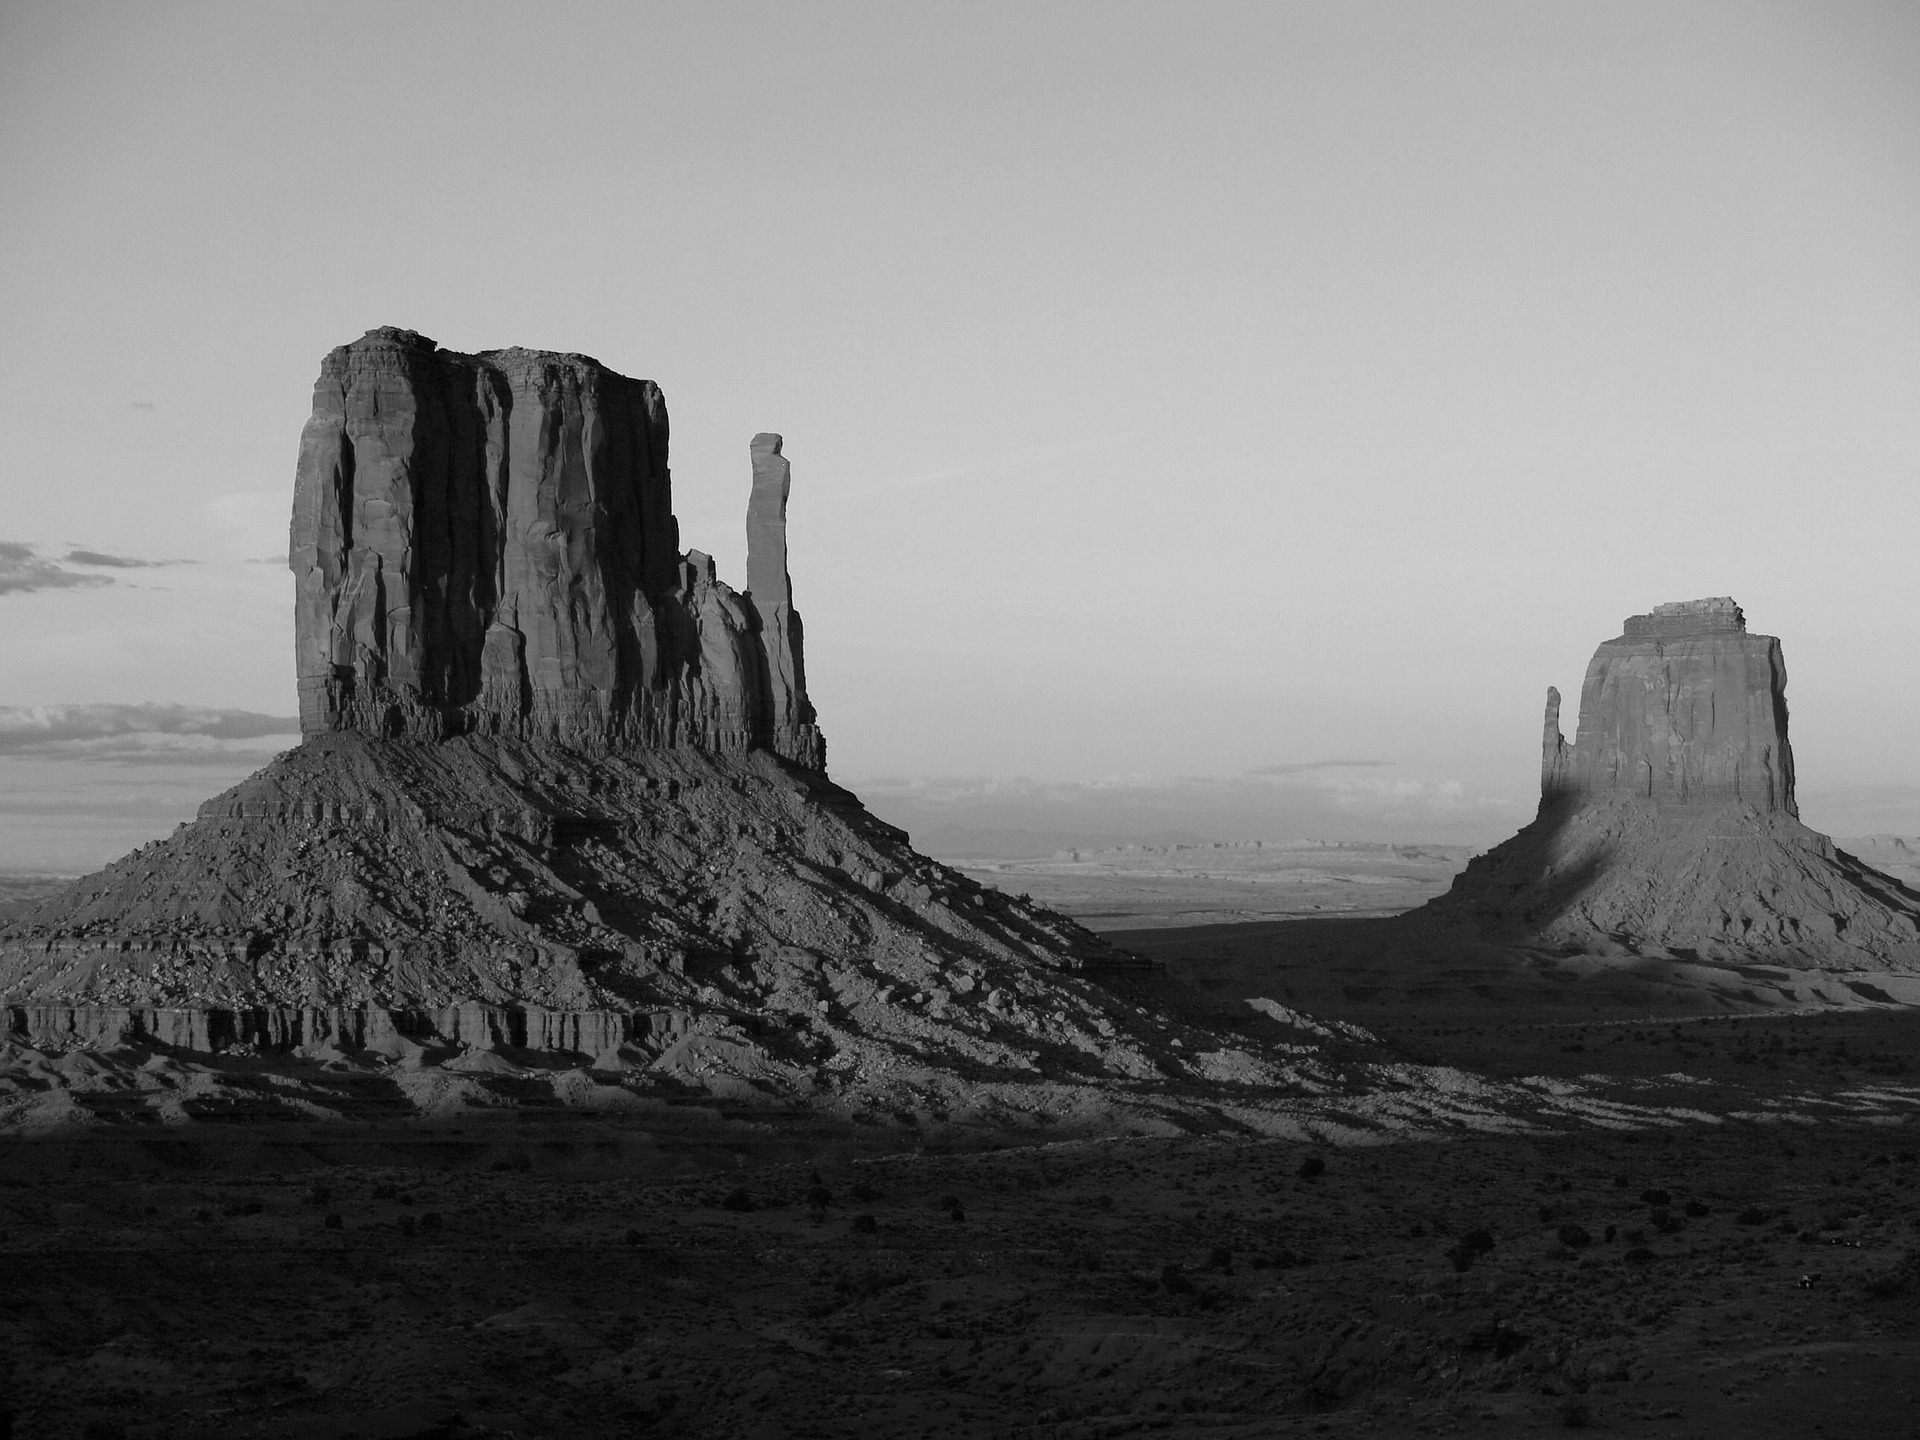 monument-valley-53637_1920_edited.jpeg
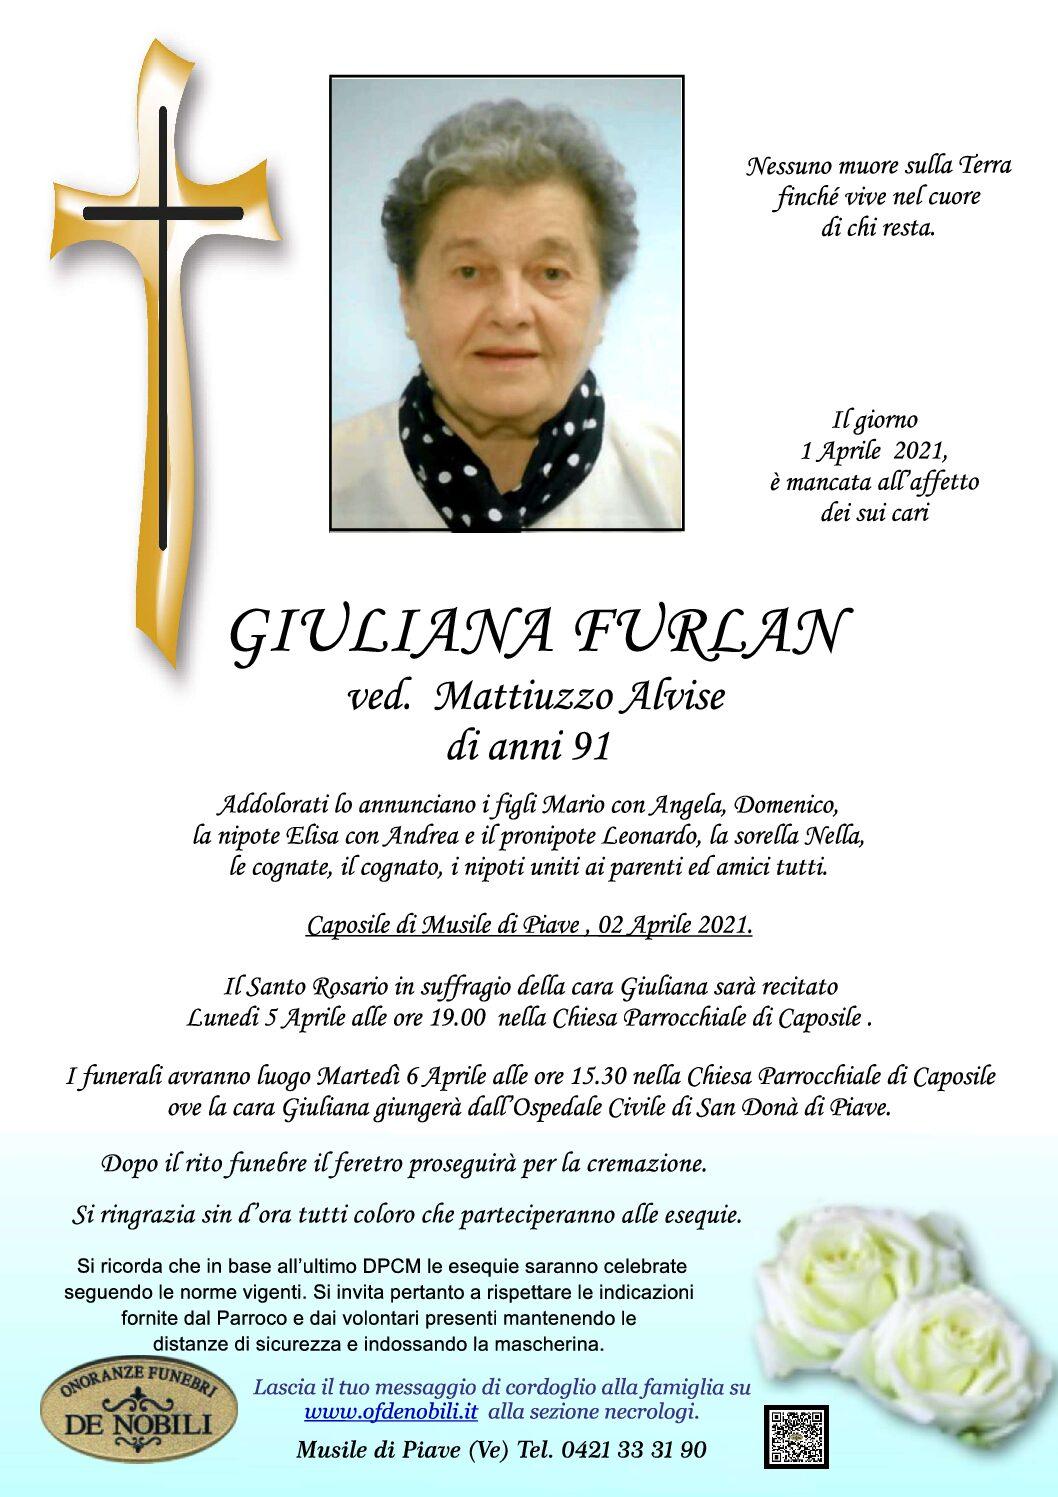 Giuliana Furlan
********
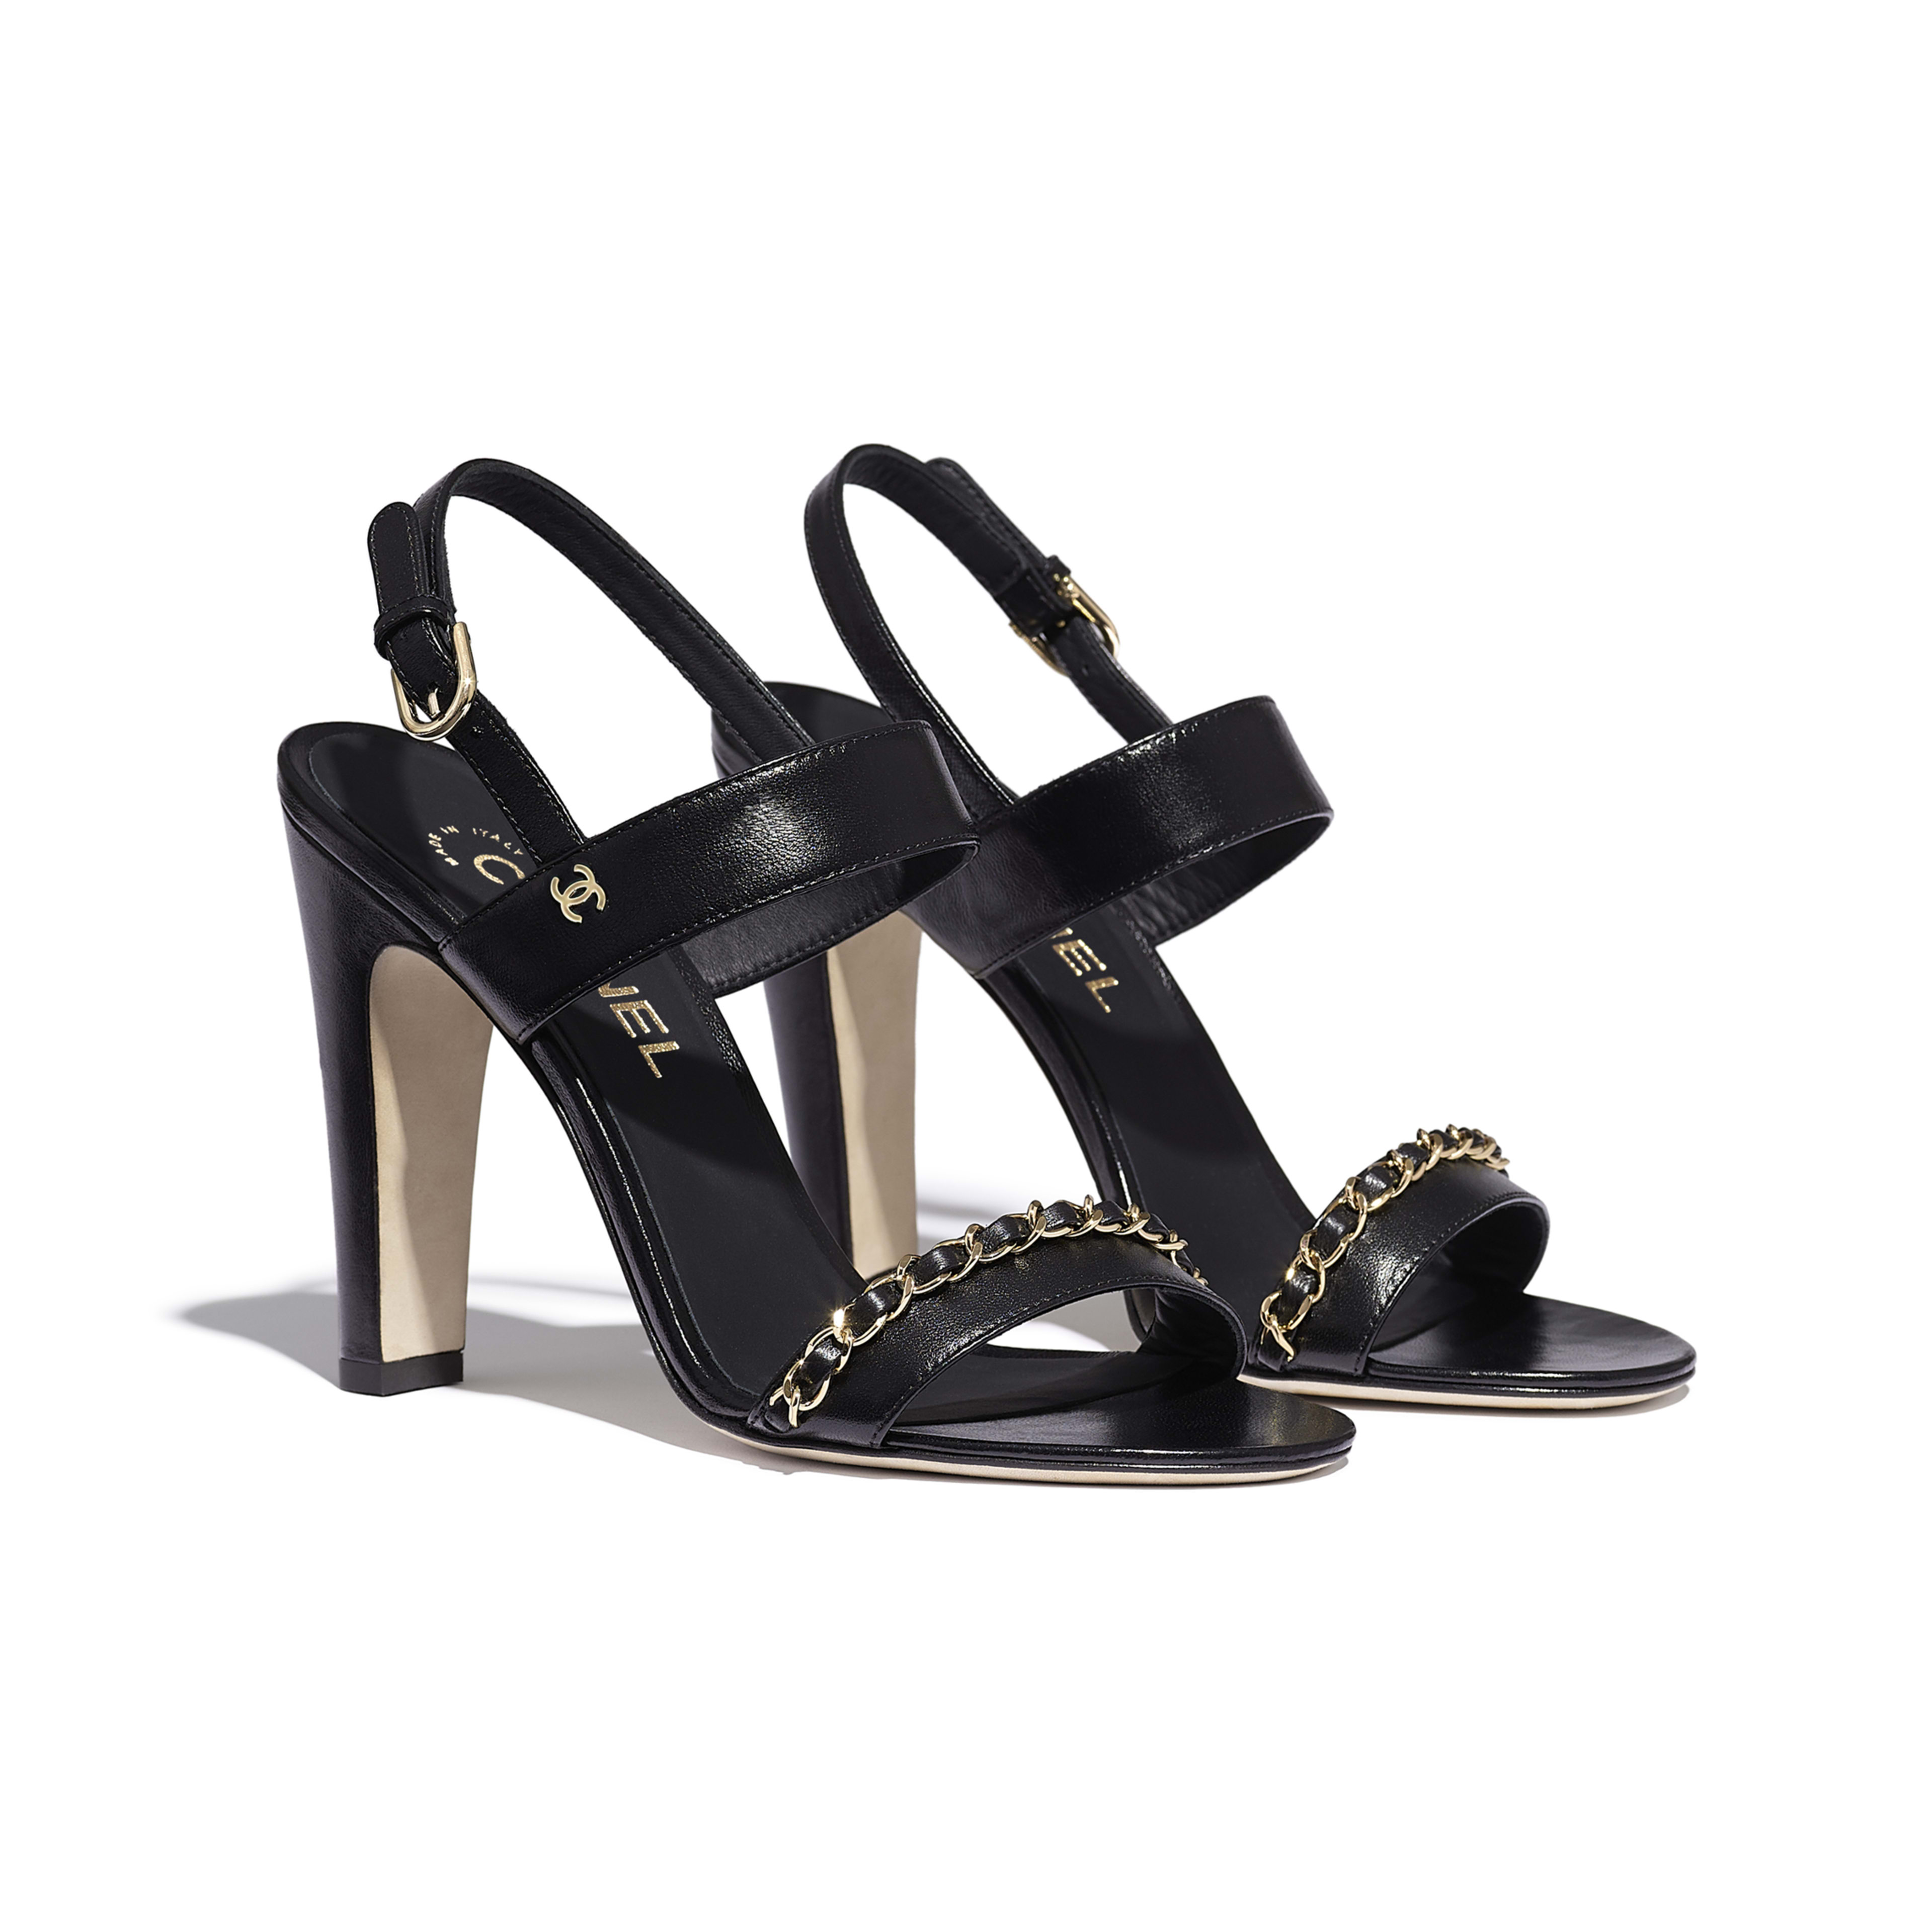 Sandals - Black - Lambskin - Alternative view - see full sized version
********
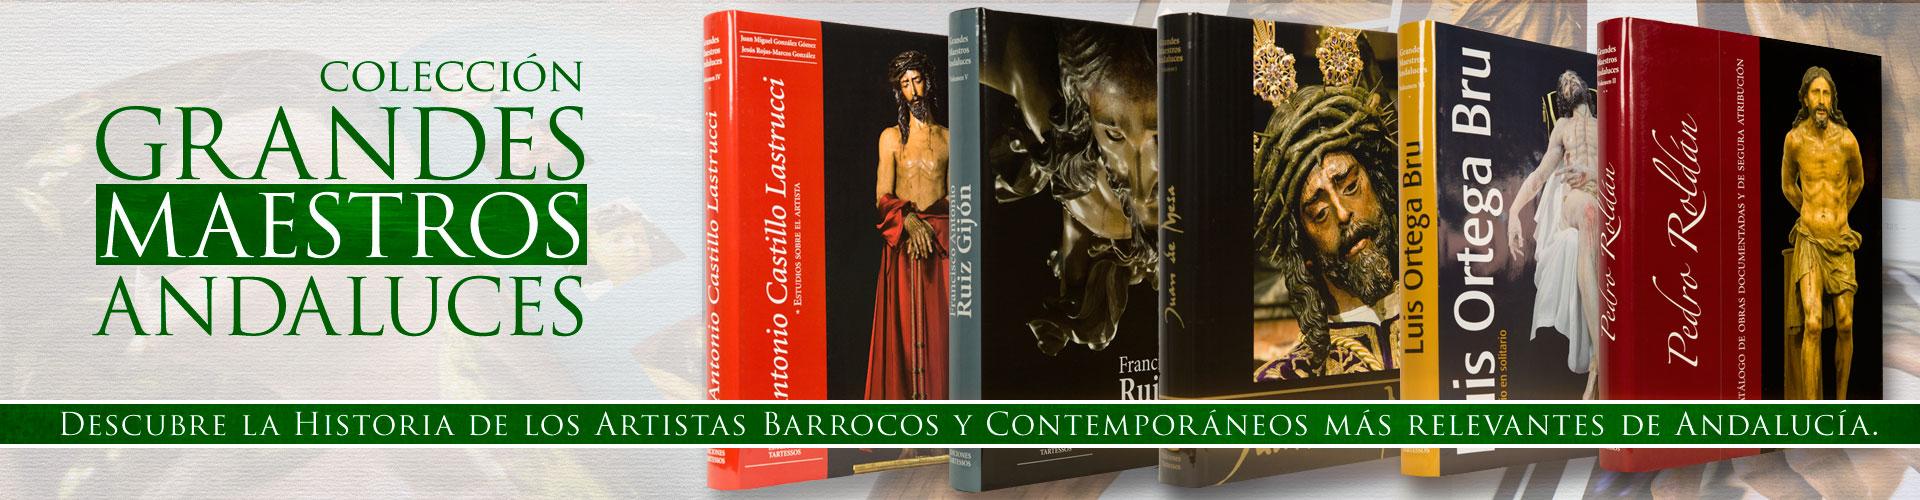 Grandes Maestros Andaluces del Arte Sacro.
********
Skipping every picture, transcribe exactly the lines above from the one containing "monument-valley-53637_1920_edited.jpeg" through the one containing "Giuliana Furlan", both included.

* _Output_
 monument-valley-53637_1920_edited.jpeg
 Giuliana Furlan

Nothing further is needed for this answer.